Convolutional Neural Network-MNIST Actual Warfare (pytorch-based)

Article Directory

Preface

With the continuous development of in-depth learning, neural networks are becoming more and more popular. As we all know, cnn is very effective in image classification. This paper will show a simple convolution neural network model and test it with mnist dataset.

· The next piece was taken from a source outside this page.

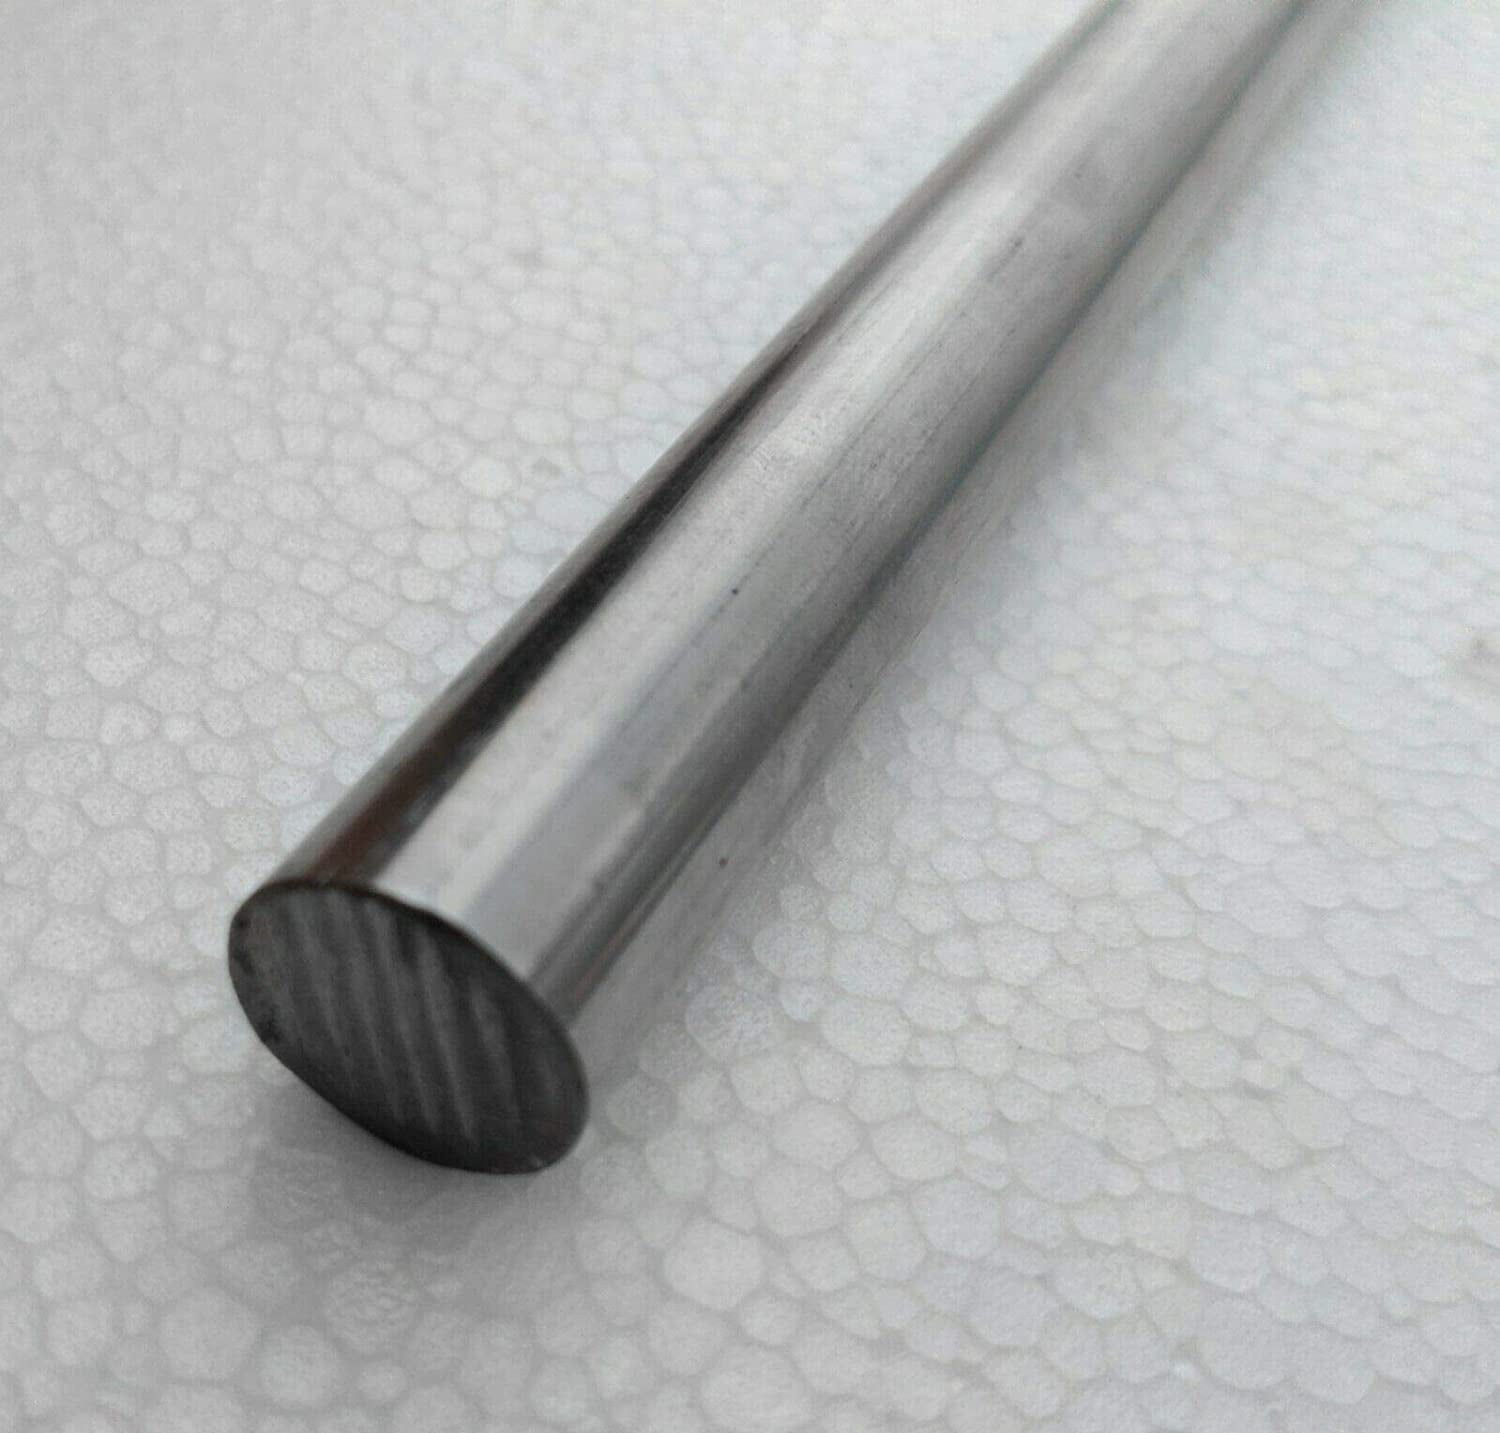 30mm 1-1/4" 1-1/2" Round Bar STAINLESS STEEL Rod MILLING WELDING METAL WORKING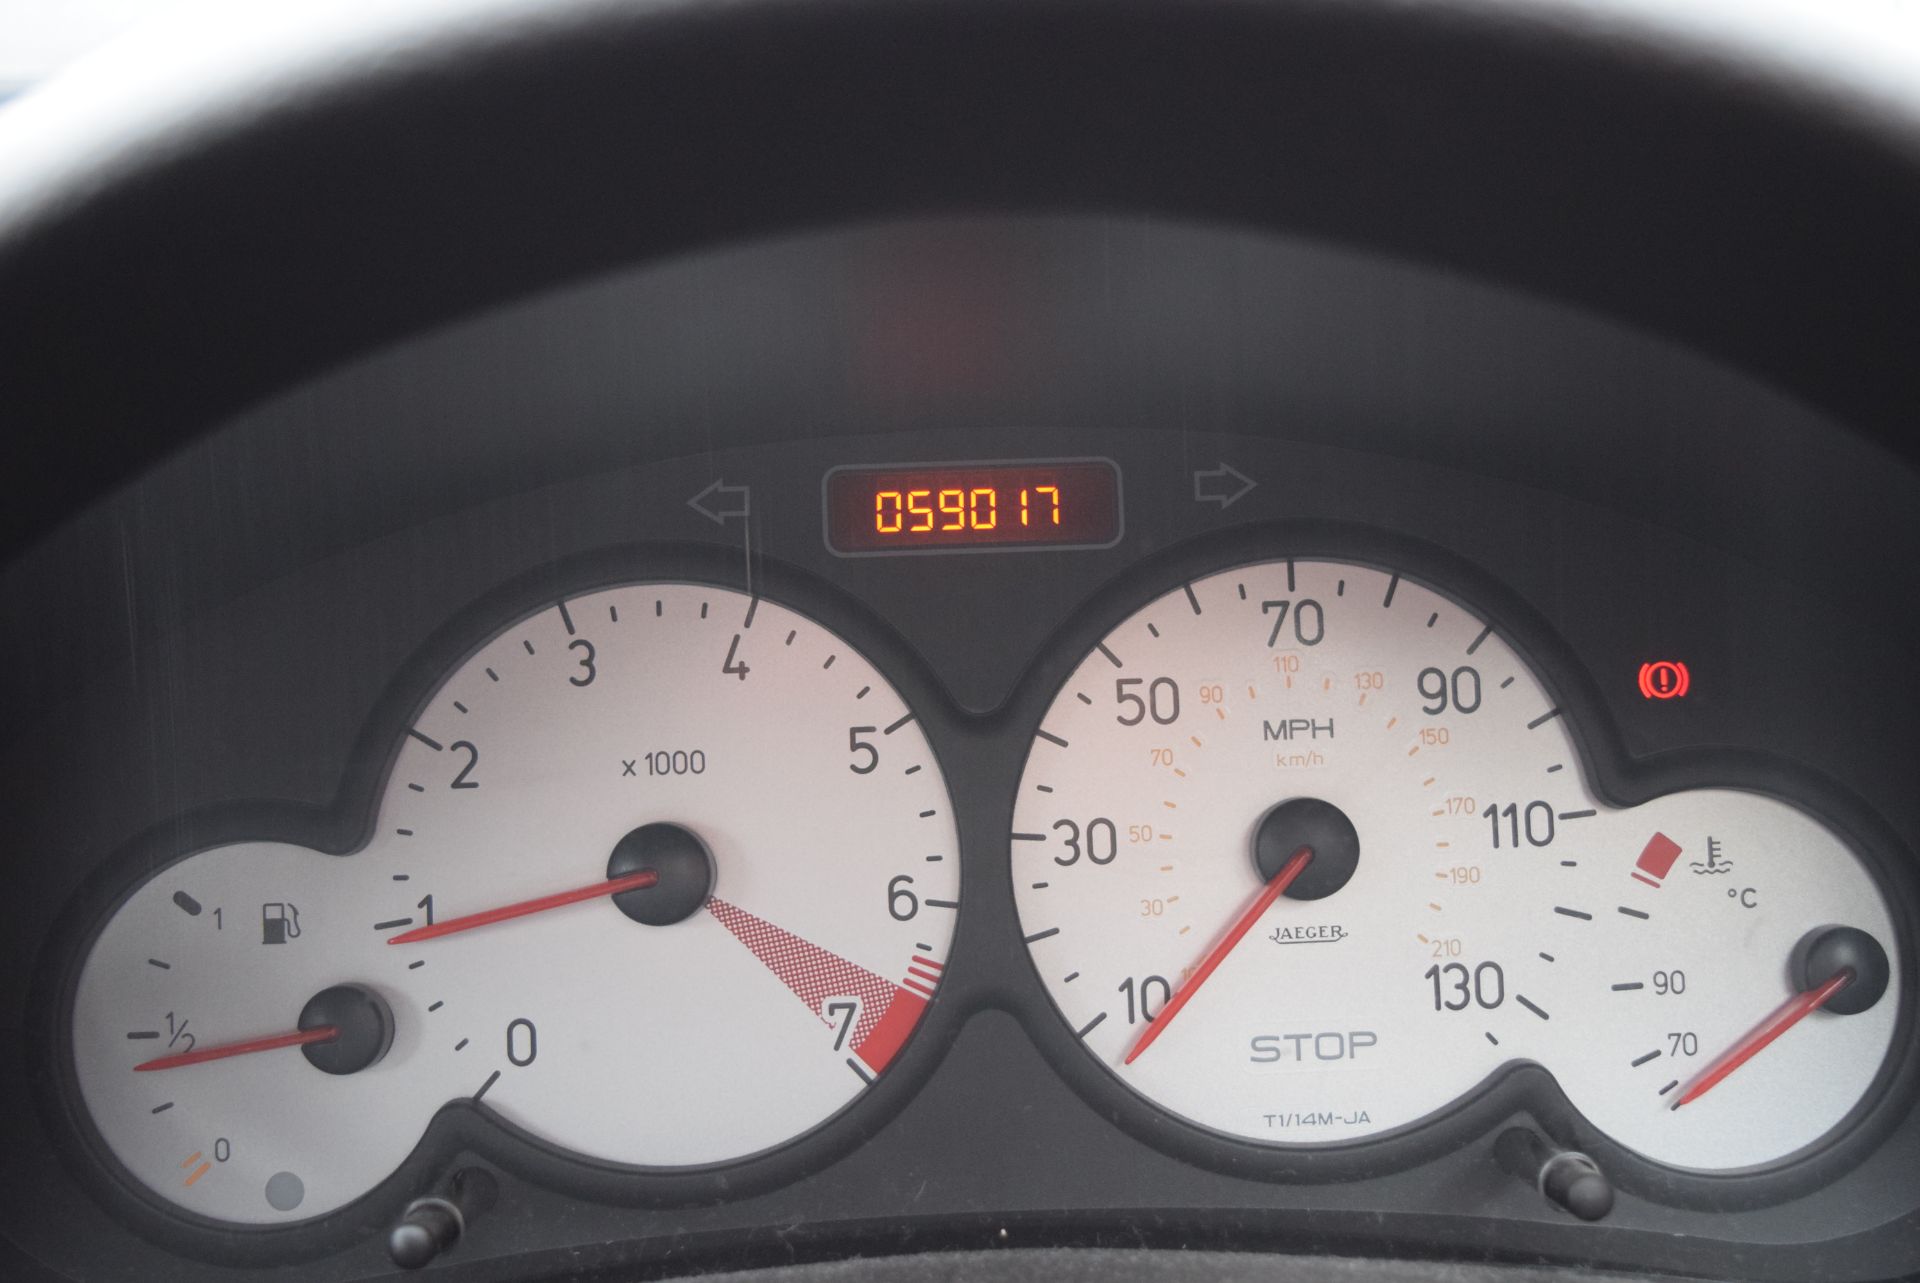 A PEUGEOT 206 S 1.1 Petrol 3-Door Saloon, Registration No. YM05 ATF, First Registered: 30/06/2005, - Image 10 of 10

In the second half of this article, the difficulties encountered in this practice and solutions will be given.

I. Preparations

First we need to import the package we need and set the necessary parameters.

The code is as follows:

import time
import numpy as np
from torchvision import transforms
from torchvision.datasets import mnist
from torch.utils.data import DataLoader
import matplotlib.pyplot as plt
import torch.nn as nn
import torch.optim as optim

# Define batch, which is the sample size of a training session
train_batch_size = 128
test_batch_size = 128

2. Importing datasets

1. Download datasets

The code is as follows:

# Define image data conversion operations
# ToTensor(): [0,255]->[C, H, W]; Normalize: Standardization (mean + standard deviation)
transform = transforms.Compose([transforms.ToTensor(),
                                transforms.Normalize([0.5],[0.5])])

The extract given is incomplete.